It is a drug that counteracts the over-reaction of the immune system, at the origin of some of the most serious complications of COVID-19 and which in these days seems to offer hope to patients with coronavirus-induced pneumonia. In addition to rheumatoid arthritis therapy, the medicine is also used to treat cytokine release syndrome, a side effect of CAR-T anticancer therapy which consists of a massive release of inflammatory molecules in response to the immune cells used in the treatment (Author 9, 2020).

3.6.2. Emapalumab

It is an anti-interferon gamma. This drug keeps children with hemophagocytic lymphohistiocytosis (HLH) alive, awaiting transplantation. The administration of emapalumab is able to "turn off" the abnormal and excessive inflammatory response in patients with HLH, neutralizing the effects deriving from the excessive production of interferon-gamma (Author 10, 2020).

3.6.3. Sarilumab

Sarilumab is an interleukin-6 (IL-6) receptor antagonist indicated for the treatment of adult patients with moderately to severely active rheumatoid arthritis who have had an inadequate response or intolerance to one or more disease-modifying antirheumatic drugs (DMARDs) (Author 11, 2020).

3.6.4. Eculizumab

It is a member of the drug class selective immunosuppressants and is used to treat Hemolytic Uremic Syndrome, Myasthenia Gravis, Neuromyelitis Optica and Paroxysmal Nocturnal Hemoglobinuria (Author 12, 2020).

3.6.5. Anakinra

It inhibits the activity of interleukin-1 (IL-1), and has already been approved for the treatment of a group of rare and potentially fatal auto-inflammatory diseases. The US Food and Drugs Administration (FDA) has granted a study to test the safety and effectiveness of individually or simultaneously blocking IL-6 and IL-1 versus standard of care on blood oxygenation and systemic cytokine release syndrome in patients with COVID-19 coronavirus infection and acute hypoxic respiratory failure and systemic cytokine release syndrome (Author 13, 2020).

3.6.6. Siltuximab

Siltuximab like tocilizumab, binds to interleukin-6 and is indicated for the treatment of adult patients with Castleman disease (Deisseroth et al., 2015). The SISCO study (Siltuximab In Serious COVID-19) is configured as an observational study conducted both on hospitalized patients and those already in intensive care (Author 18, 2020).

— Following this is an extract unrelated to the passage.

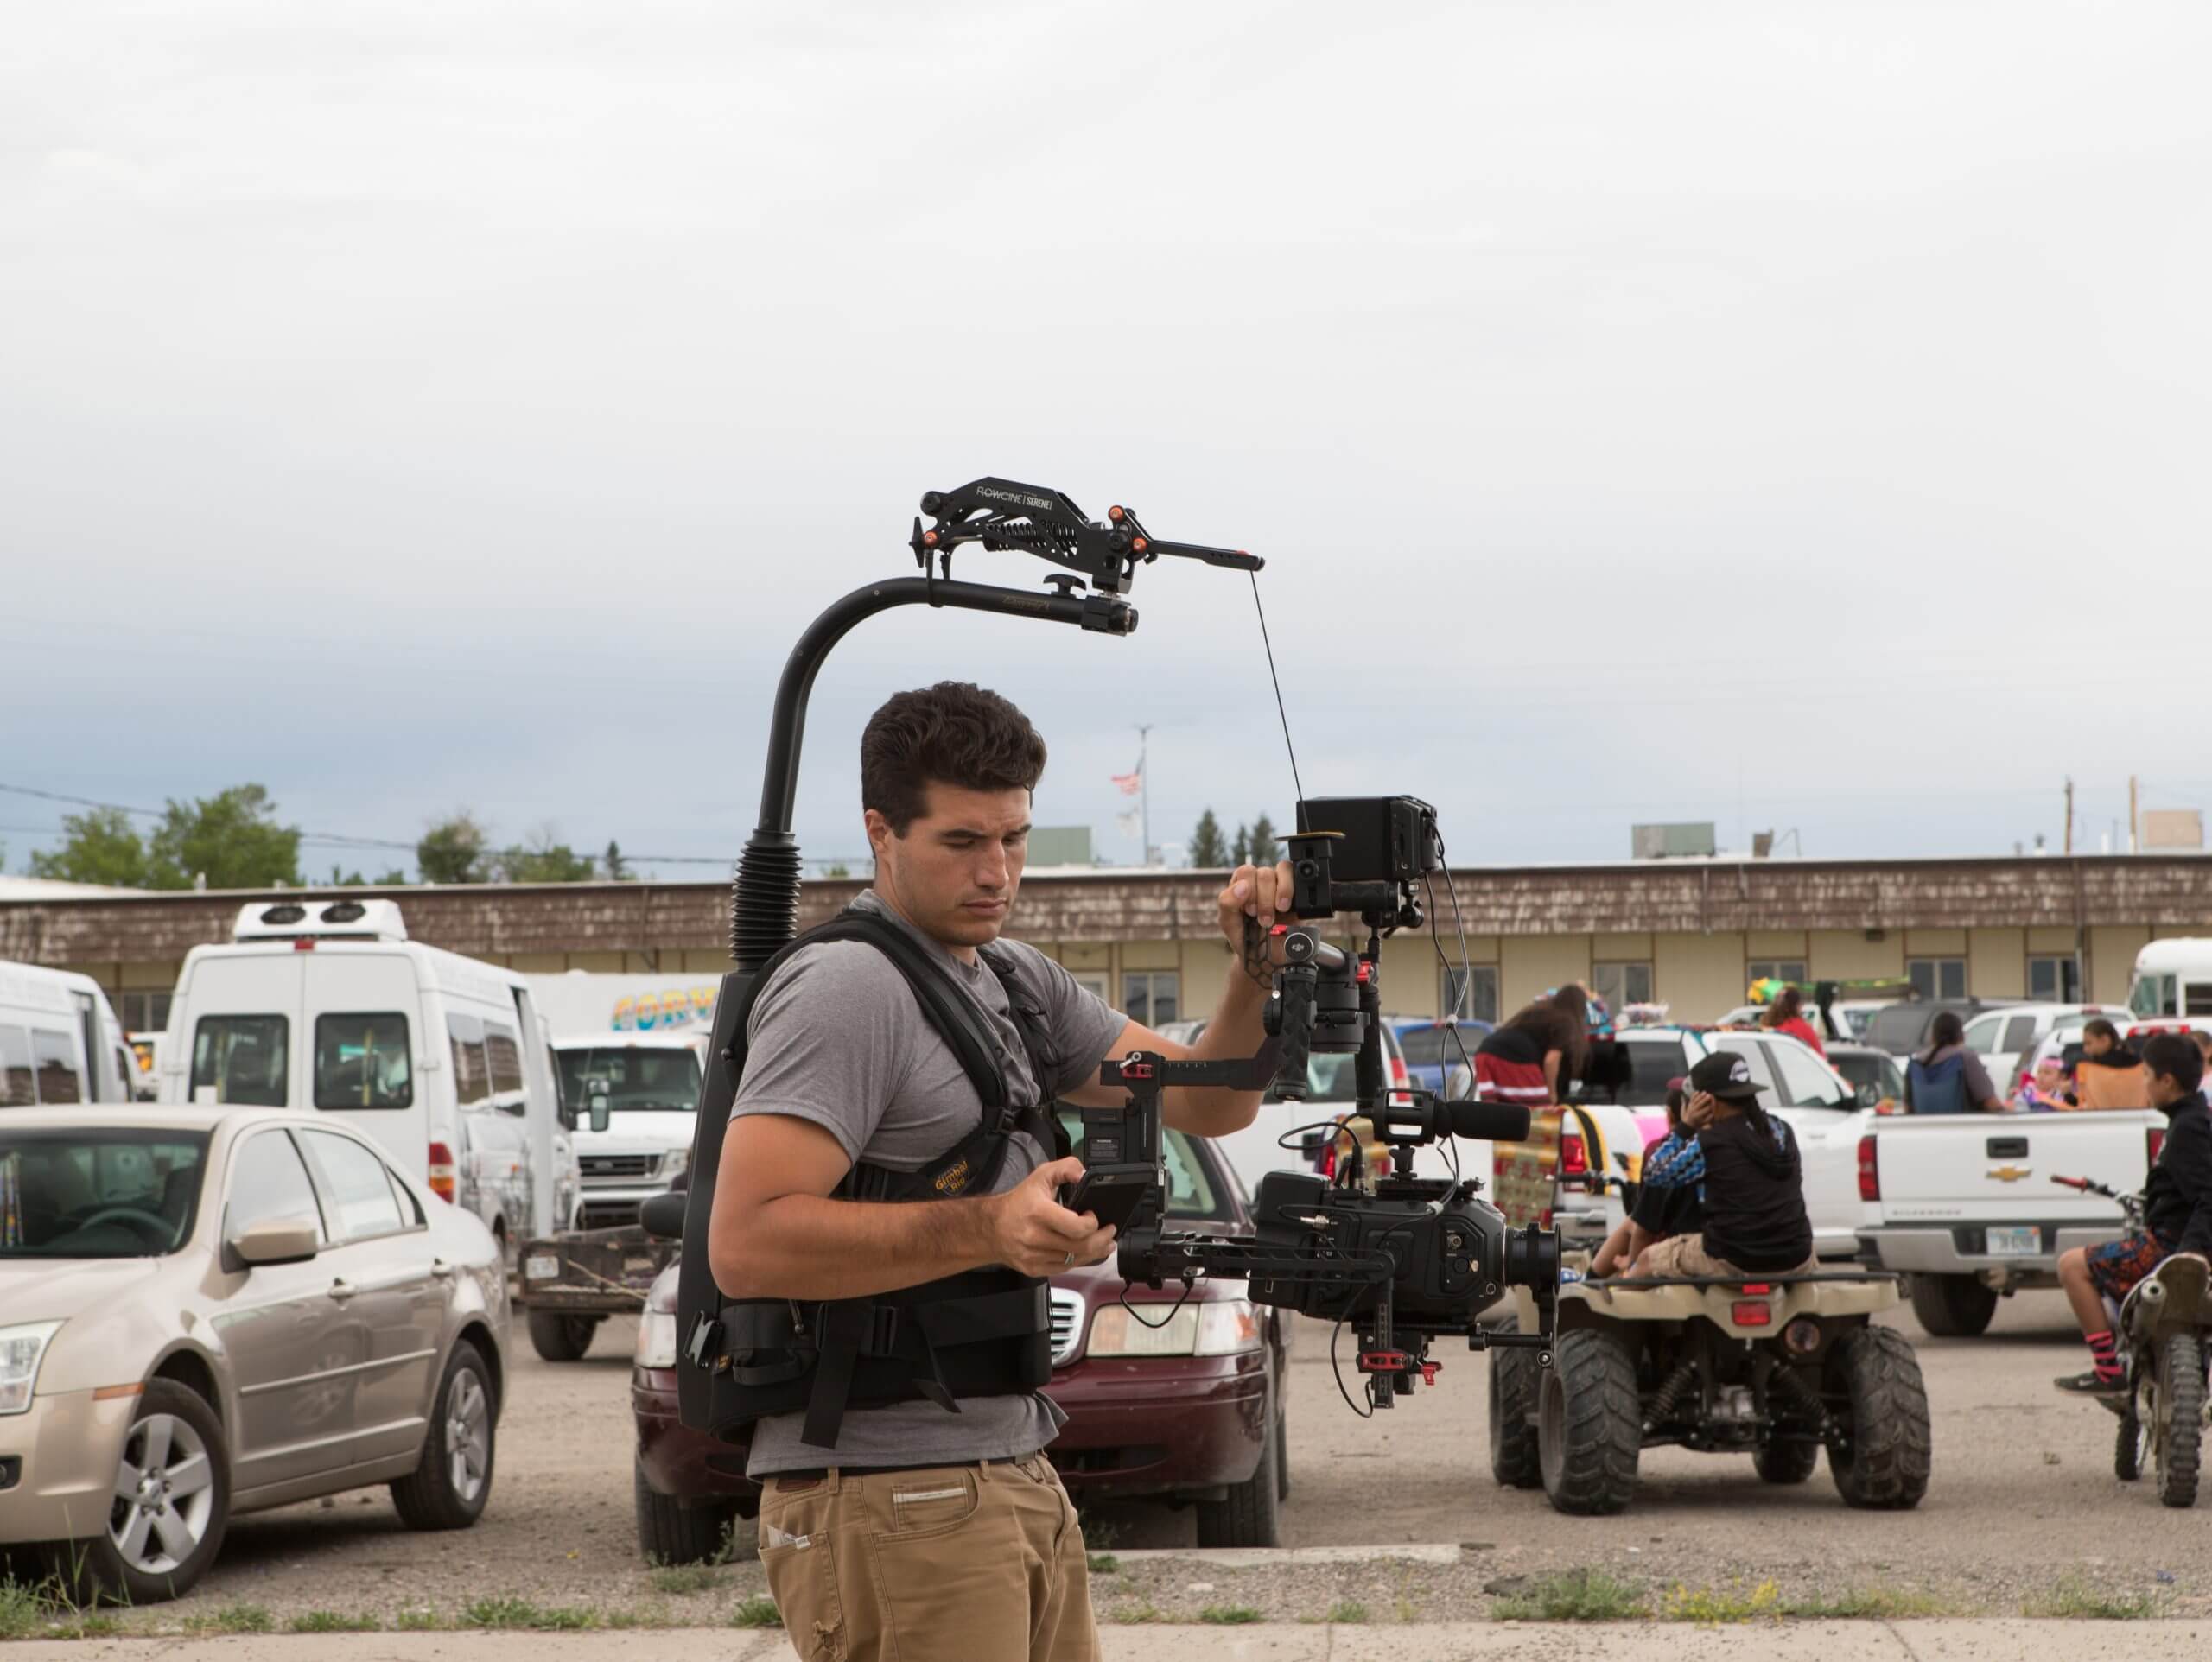 A cameraperson holds a camera harness, in the background cars and trucks are parked, there is a motorcycle with children looking at something

Table 2 shows Italian Medicines Agency (AIFA) approved experimental studies in COVID-19 therapy (Author 19, 2020; Author 20, 2020; Author 21, 2020; Author 22, 2020; Author 23, 2020; Author 24, 2020; Author 25, 2020; Author 26, 2020; Author 27, 2020; Author 28, 2020; Author 29, 2020).

Table 2.

AIFA approved experimental studies in COVID-19 therapy.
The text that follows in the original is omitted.